Just by sharing my story, I went from feeling alone to feeling completely surrounded by support, understanding and love. And I soaked up those other stories like lifelines.

3. I Started To Trust Myself More

Once I realized that I had a valuable opinion, I stopped looking for other opinions to validate the way I was thinking. I started trusting in myself to know what was right.

I’m working hard on quitting the “someone else must know better than me” mindset. It’s hard to recondition yourself into fully owning your power.

Michelle Obama has a quote that has stuck with me since I heard it:

“I have been at probably every powerful table that you can think of, I have worked at nonprofits, I have been at foundations, I have worked in corporations, served on corporate boards, I have been at G-summits, I have sat in at the U.N.: They are not that smart.”

People feel empowered to speak up for a variety of reasons. They are not necessarily speaking their mind because they know better than anyone else. Their voice may be louder because they don’t hear that inner voice telling them that they don’t belong, or that they aren’t worthy of being an authority.

Michelle discovered that even the “most qualified” voices at any given table were not necessarily smarter than her. But she still struggled with feeling as though her voice was valuable.

I have so struggled with feeling empowered enough to speak up and speak out. I’ve let louder people talk me down. I’ve given into others who share their opinions easily and more freely. I’ve kept my opinions to myself for fear of making waves or creating an uncomfortable environment.

But once I started practicing using my voice more, I started trusting in that voice more. I began to internalize the idea that I was just as qualified to use my voice as anyone else, especially when I had related personal experiences.

4. I Had More to Say Than I Realized

When I first started a blog, I was terrified at the thought of coming up with regular content. I wasn’t sure if I’d regularly have something to say. Well, it turns out that I have a lot more to say and share than I ever thought possible. Once I started digging into the wells of my own experiences, I realized that I was the one who was pushing them down, not deeming them important enough to resurface, share or discuss.

Once I started saying “yes, and” to myself instead of “no”, the content just started flowing. The problem went from worrying about whether or not I should speak up to figuring out what I should speak up about first.

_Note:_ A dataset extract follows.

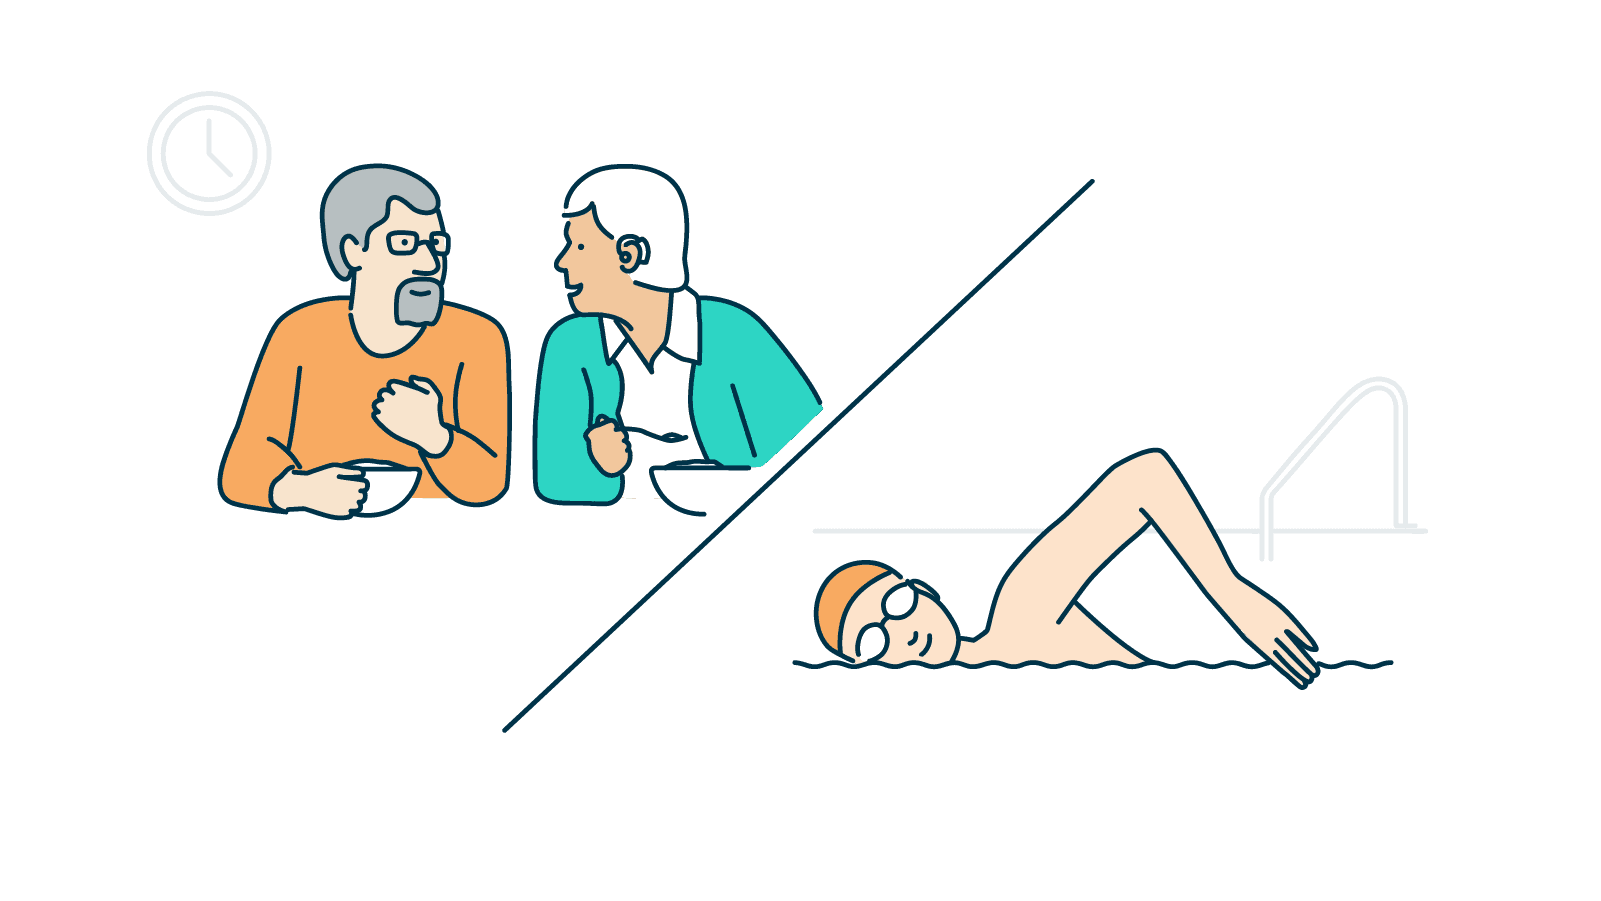 An illustration showing two people talking and eating and another of someone swimming

5. I Started Pushing Back Against Ingrained Thoughts

Once I was able to identify the reasons why it took me so long to muster my voice and to forcefully use it, I had to confront those beasts that held me back.

I needed to stop caring about being good or being liked, or fitting into any given box. I needed to care more about being myself (since I’m the one who has to live with me forever). And I’ve learned that being fully myself means speaking up and speaking out, and trusting in the strength, and value, of my own voice.

I’ve learned that it’s crucial to regularly tell myself that I’m important and that my voice matters. And that has opened the flood gates to a whole new way of living.